Yard's last major show was at the Vickery, Atkins & Torrey in San Francisco in 1908. Critics said it was "the most important collection of Yard's work ever presented at one time."
==Techniques employed==
Working in water color, Yard's style was one of detail with a focus on color harmony. Some painting techniques he used are layering, wet-on-wet, dry brush, and glazing. He captured the effects of natural light in his paintings, often depicting the same scene at different times of day.

==Works==

- Sheep Grazing on California Hillside (1895)
- Sand Dunes and Trees
- Oak Tree (1896)
- The Close of Day (1896)
- Sketch From Penitencia Creek (1896)
- Hayfield, In the Santa Cruz Mountains (1897)
- Solitude (1897)
- Autumn Twilight (1898)
- Coast near Pacific Grove (1898)
- Cattle Pond (ca. 1898)
- The Chalk Cliffs of Albion (1900)
- A Foggy Morning (1902)
- Oaks and Sheep (1902)
- Brown October and Under the Old Oaks (1904)
- Cornfield of Marlowe (ca. 1904)
- Welch Landscape (ca. 1904)
- Cows In A California (1905)
- Stormy Weather (ca. 1905)
- The Rising Moon (1905)
- Morning in the Hills (1905)
- After the Rain (1905)
- California Oaks (1905)
- Oak Grove (1906)
- Marin Hills (1906)
- Moss Beach (1906)
- September Evening (ca. 1907)
- Unsettled Weather (ca. 1907)
- The Oak Tree (ca. 1907)
- The Downs (ca. 1907)
- Eucalyptus (ca. 1907)
- Sea Meadows-Carmel (ca. 1907)
- Early Morning in the Spring (ca. 1908)
- Trees and Shrubs in the Bright Light of Day (ca. 1908)
- The Monterey Coast (1909)
- Scene of Inverness (1909)
- Late Afternoon (1909)

==Death and legacy==

Yard died on January 2, 1909, at age 54, in Carmel-by-the-Sea, from a heart attack on the steps of the Carmel Post Office.

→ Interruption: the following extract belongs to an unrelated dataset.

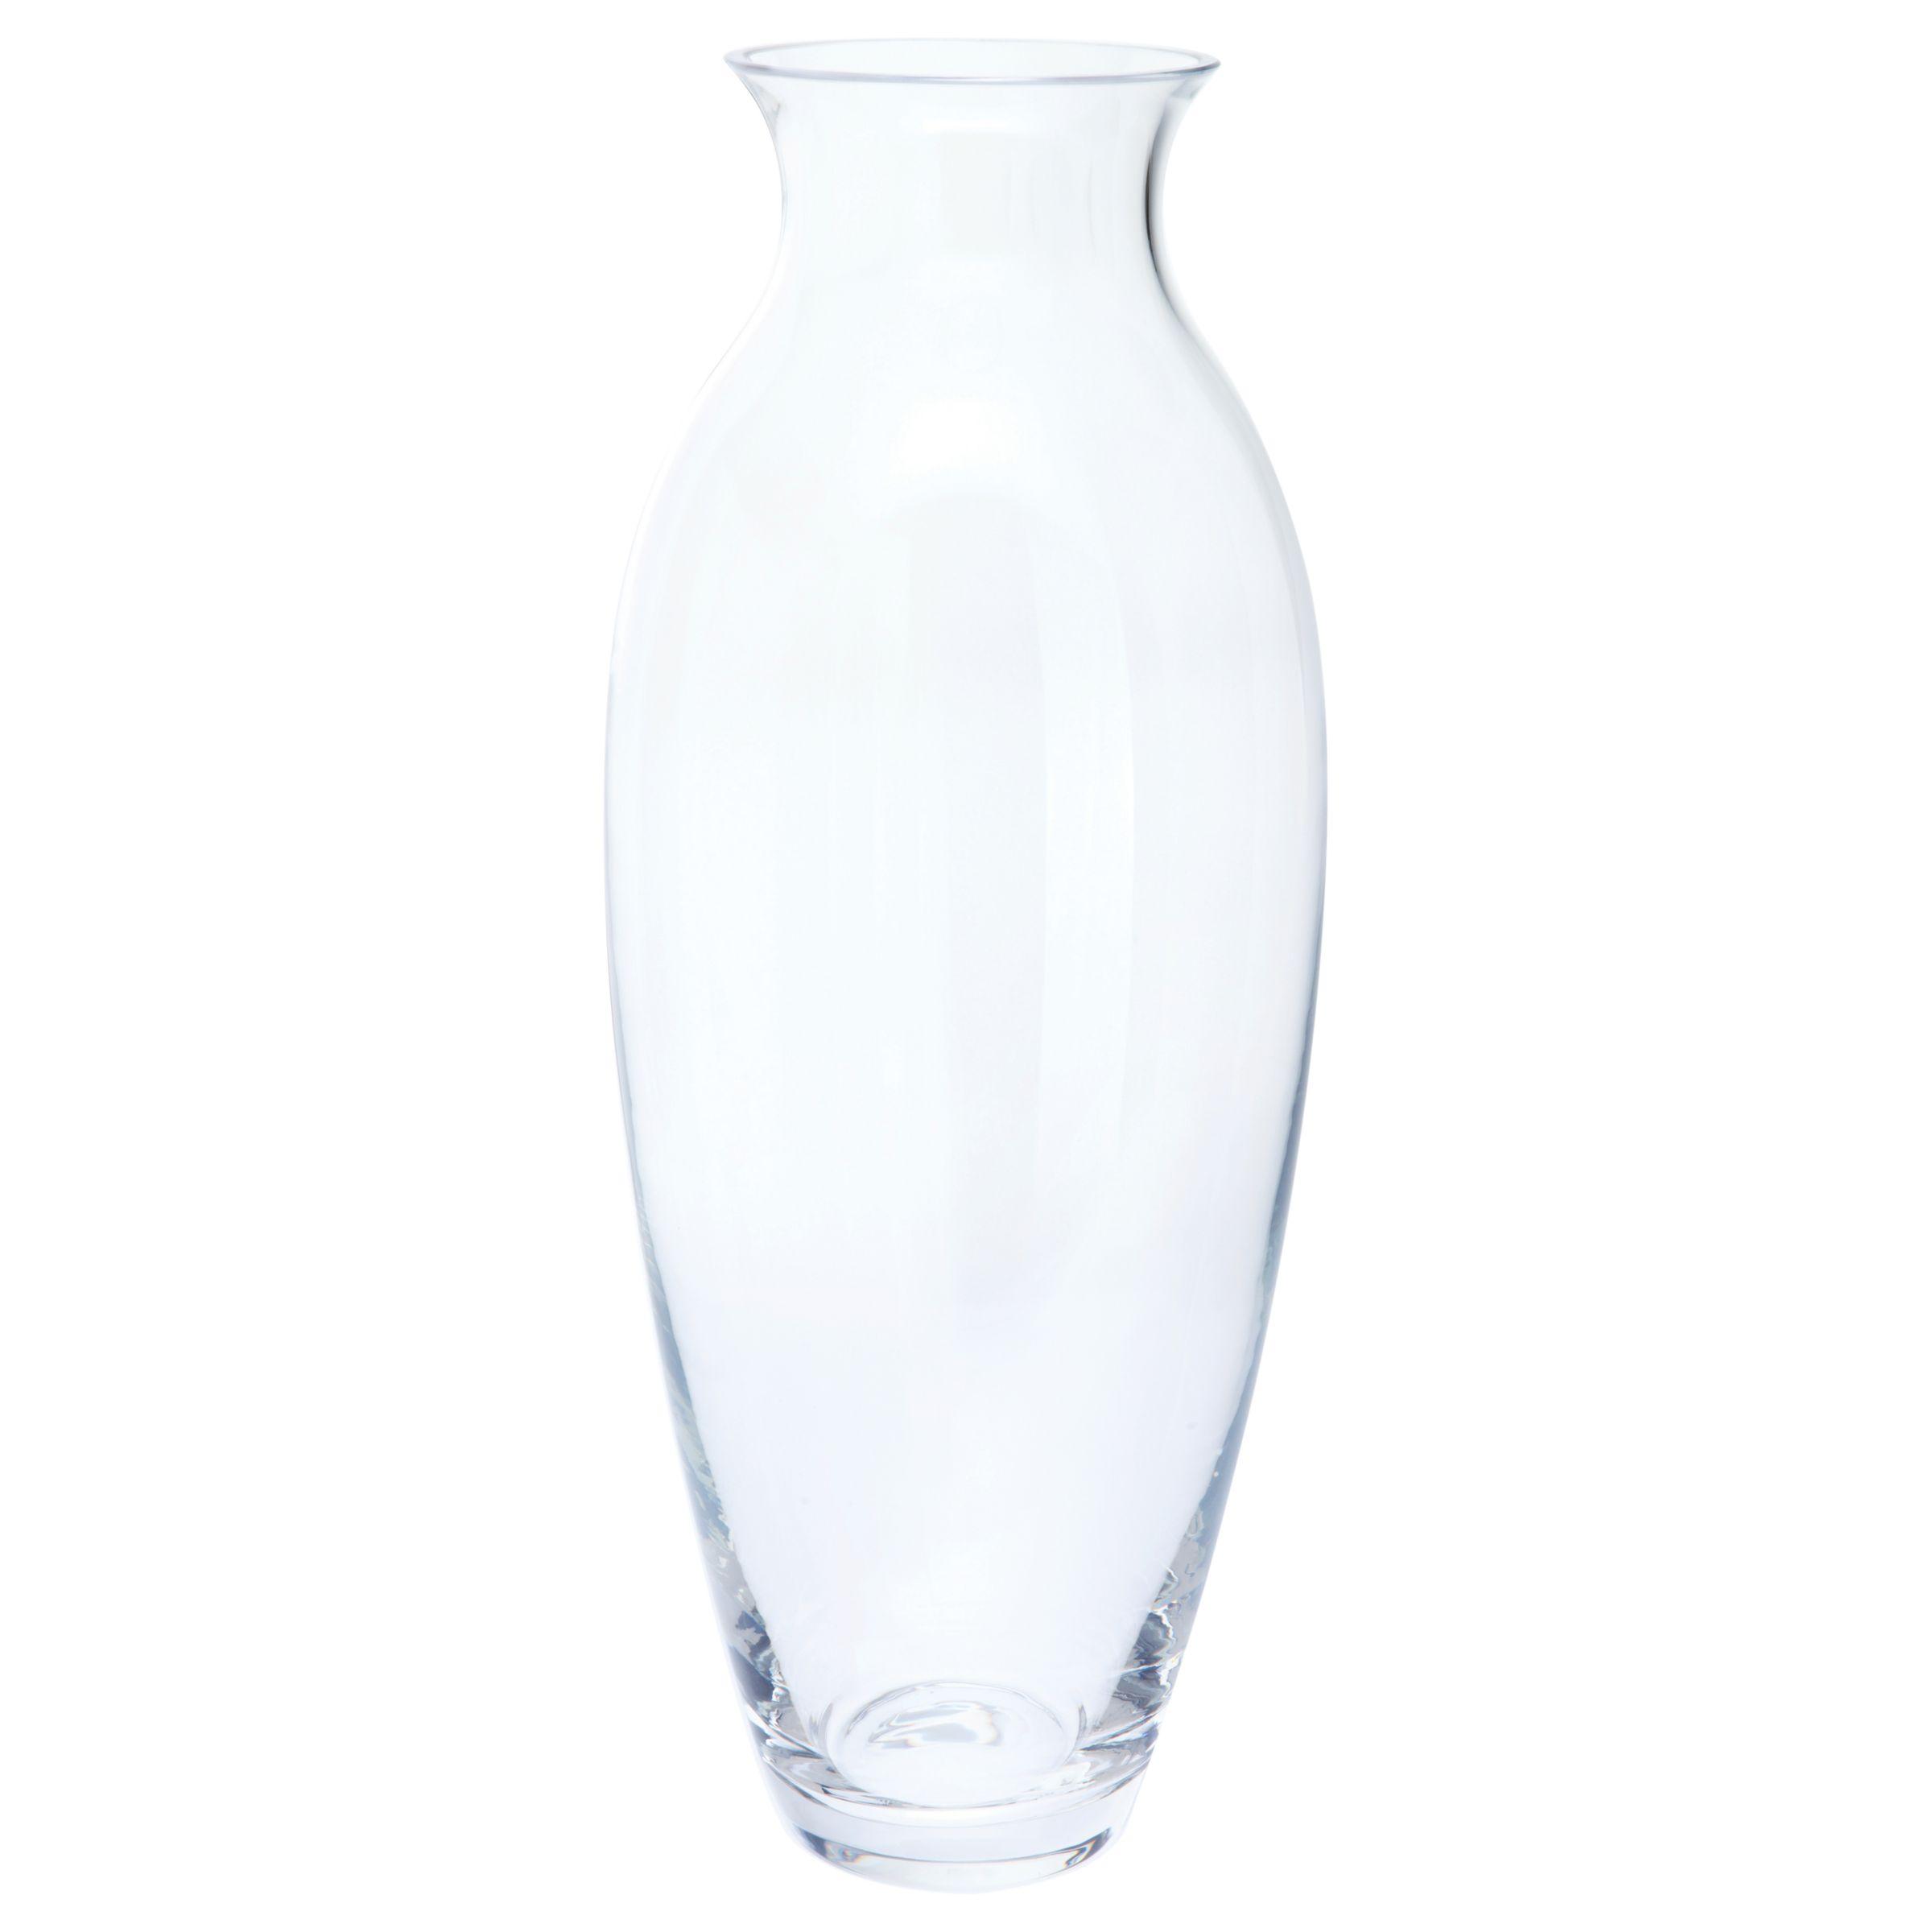 Dartington Crystal Dartington Crystal Tara Large Vase, Clear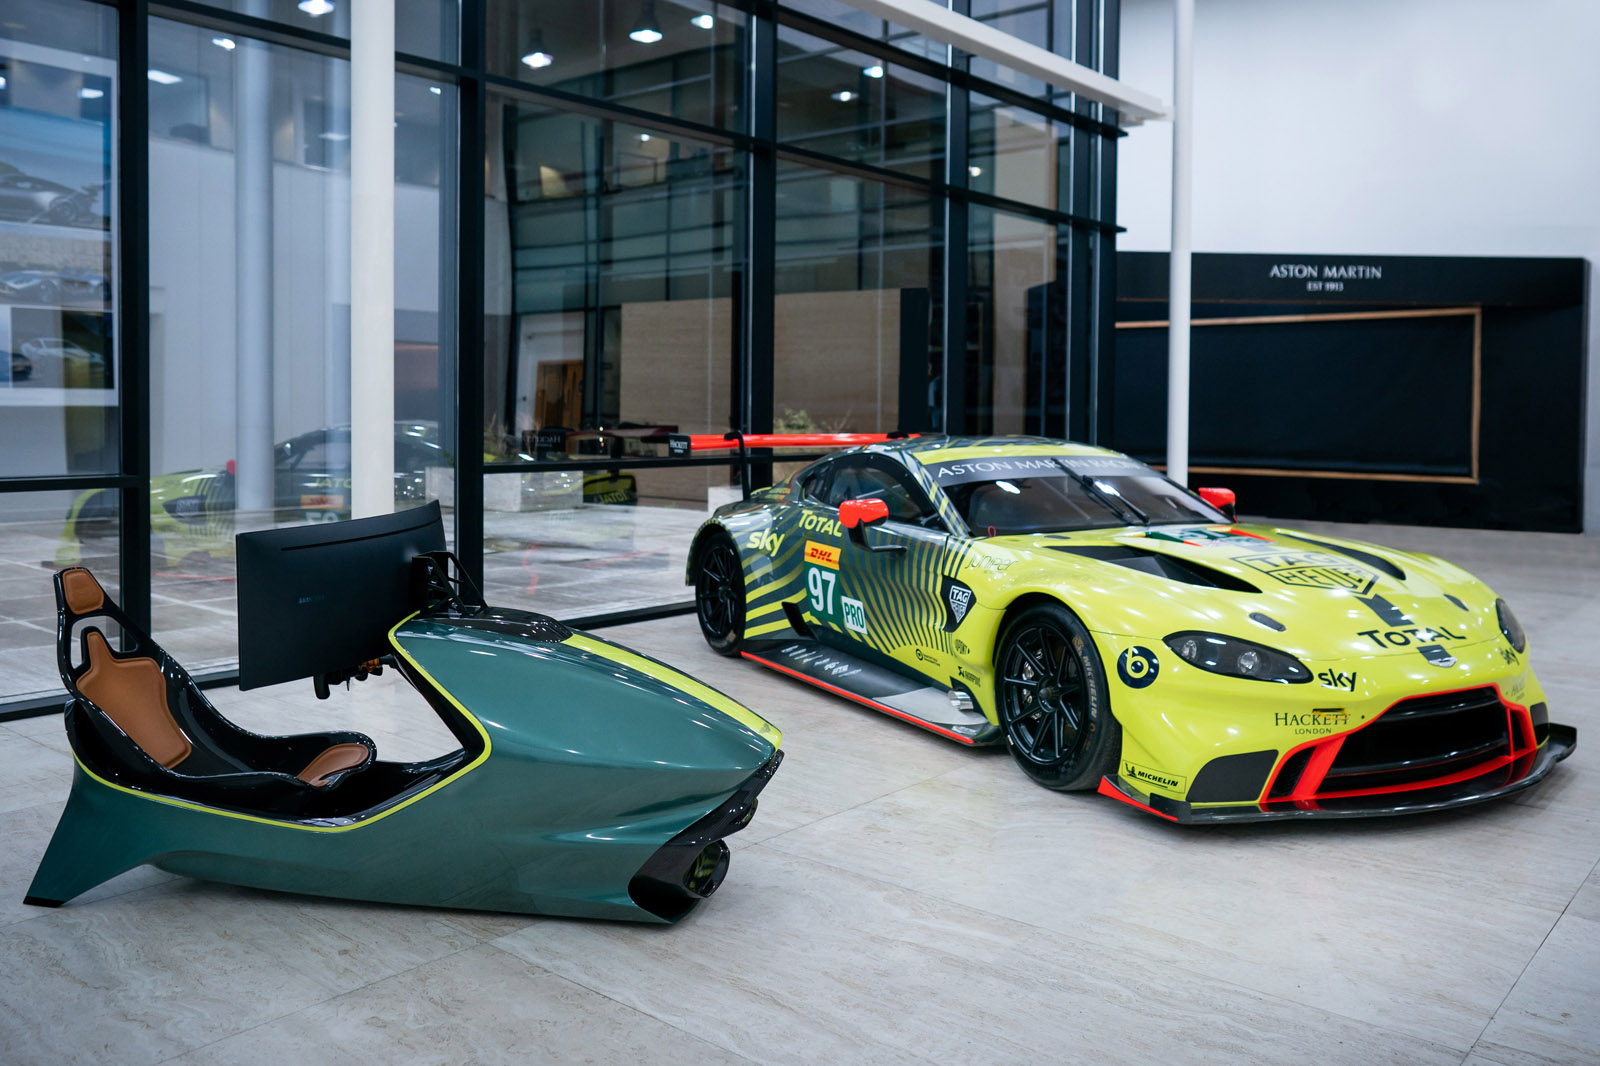 Testing Darren Turner's new Aston Martin simulator | Autocar

After his death, his works were exhibited at the American Art Gallery in New York and the Alaska–Yukon–Pacific Exposition in Seattle. His watercolors continued to display at Vickery's, the Oakland's Orpheum Theatre, and the Gump's Gallery in San Francisco. The Rabjohn & Morcom gallery in San Francisco showed a group of his watercolors in his memory as did Vickery, Atkins & Torrey.

Yard's artworks form part of the collections at the San Diego Museum of Art and Cantor Arts Center at Stanford University. Additionally, his piece titled "Hills and Clouds" and will be displayed at the U.S. Embassy in Sweden.